Friday, March 18, 2022

Apply Chinese Proverbs (About Basketball)

Dad didn't share a lot of Chinese proverbs, especially having grown up in an Italian neighborhood in East Boston. But that won't stop me from unearthing some basketball wisdom from the 'old country'. 

"Every battle is won before it is fought." - Sun Tzu, The Art of War

There's a more contemporary off-color equivalent, "piss poor planning promotes piss poor performance." Anti-Iverson or not, "practice" matters. 


The Iverson cut serves as a decoy with a backscreen behind the play. 

"Talk doesn't cook rice." 

There's a paradox here. Actions speak louder than words, but court communication is invaluable to defend, motivate, and energize teammates. 


"A little impatience will spoil great plans." 

  • Plays take time to develop. Passes must be 'on time and on target.' 
  • The first option may not be the best one. 
  • Shots need to be situationally appropriate, not just in end-of-quarter situations. 
  • Better to cut late than early before a screen arrives. "Wait. Wait. Wait."

"A bird does not sing because it has an answer. It sings because it has a song."

Don't believe everything that you hear. Think for yourself. Some people talk just to hear their voice. Critically examine new information. Professor Kahneman distinguishes "respect experts" like political commentators and "performance experts" like Chess masters. A more negative version is, "an empty barrel makes the loudest noise." 

"Be not afraid of growing slowly, be afraid only of standing still."

We have the capacity to grow and learn into advanced age. Invest our time, don't just spend it. Use available resources to move ahead. 

  • Mike Krzyzewski  75 years old 
  • Roy Williams  71 years old
  • Geno Auriemma  67 years old
  • Tom Izzo  67 years old 
  • John Calipari  63 years old

"Better a diamond with a flaw than a pebble without one."

Recognize skills in perspective. Nobody is perfect. We love to point out flaws amidst greatness, to watch giants fall. Michael Jordan had a career three point shooting percentage of .327. That didn't make him a bum. FYI, Marcus Smart has a career three point percentage of .321. 

"A closed mind is like a closed book; just a block of wood."

We're a lot like computers, comprised of hardware and software. Bad sectors and bad software don't make a computer useless. "That offense doesn't work." When players don't cut urgently, pass unselfishly, and take good shots no offense works. 

"The best time to plant a tree was 20 years ago. The second best time is today."

"Better late than never." Have a "today plan."

"One beam, no matter how big, cannot support an entire house on its own."

Teamwork matters. It's like the African proverb, "we can go faster alone but farther together." 

"Learning is a weightless treasure you can always carry easily.

Anything can be taken from us but our knowledge. The more we learn, the more we can learn. Invest the time to learn more and better. 

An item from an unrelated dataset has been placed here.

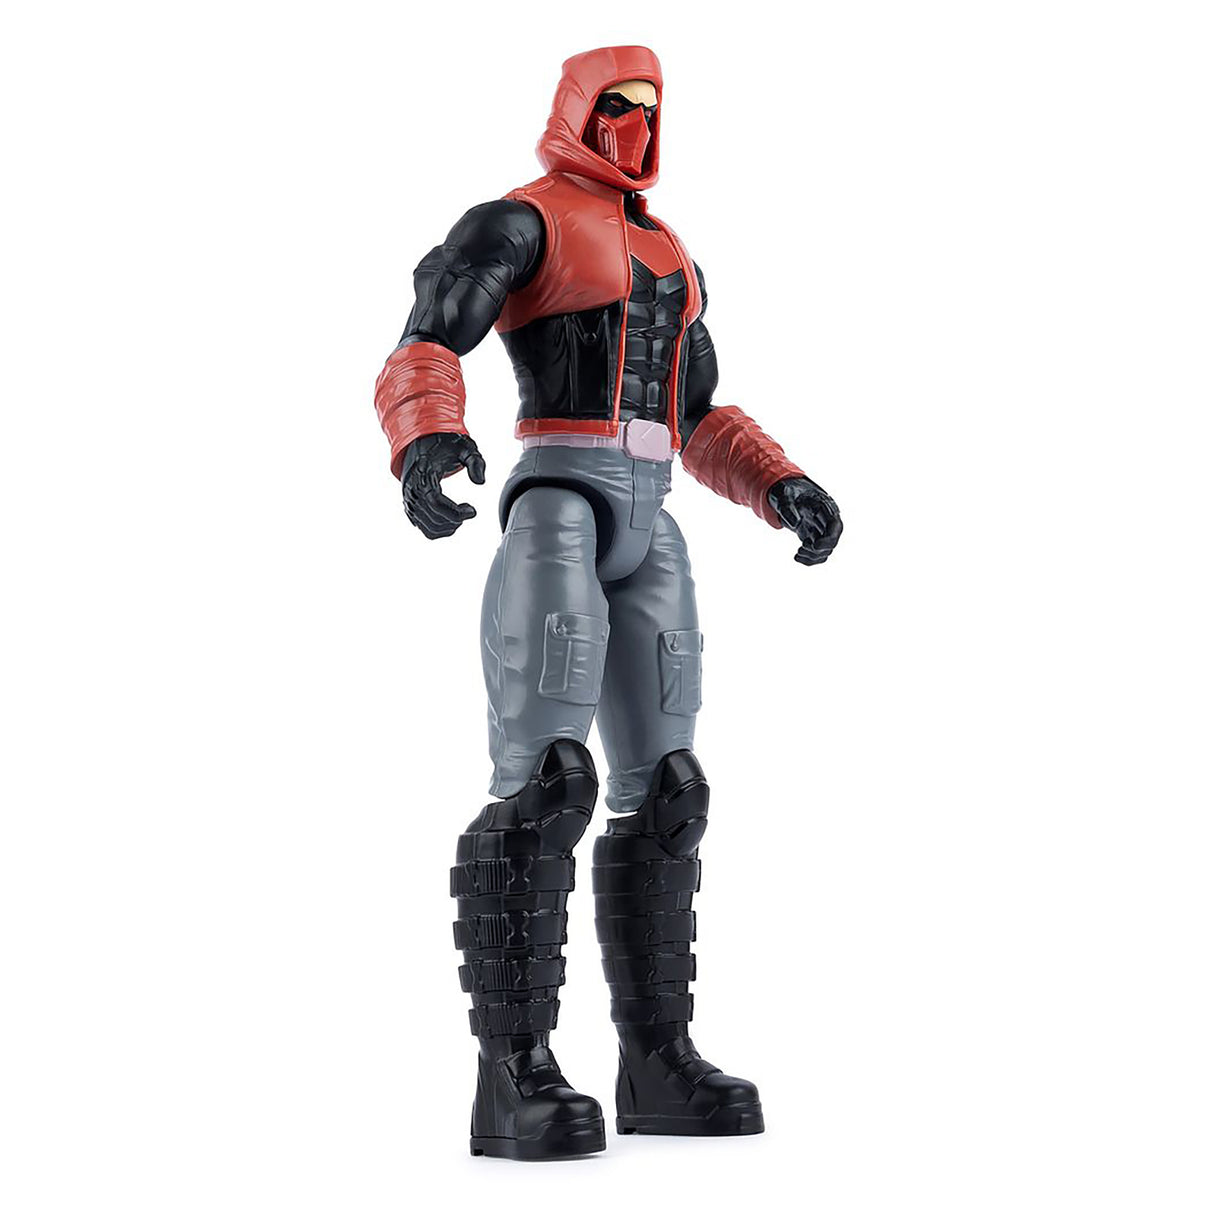 DC Batman Figurine - Hood Figure (12 inches)

"If you are patient in one moment of anger, you will escape a hundred days of sorrow."

  • Widen the space between stimulus (attack) and response. 
  • To prevent regret, have the discipline not to retaliate. 
  • The last of The Four Agreements is "always do your best." 
  • Remember Lincoln's Hot Letters, "never signed, never sent." 
Set play: Quick hitter, Backscreen lob out of a 1-3-1 look

Concept: Beating switching defenses with long-range shooting. As a practical point, this video is an argument for switching against less proficient shooting teams (few high school teams will have anything approaching NBA range). 

Lagniappe. Prem Watsa reminds coaches "don't major in the minors," meaning don't invest a lot of time in something rarely used. Here's a link to an article on the 4-1 zone defense, violating that premise.

Lagniappe 2. Principles translate across sports. "Dalbec once focused largely on his swing mechanics. Big-league experience taught him that pitch recognition and timing matter equally." The quickest path to improvement is better shot selection.

Lagniappe 3. Offense thrives on space and time. Defense corrupts them.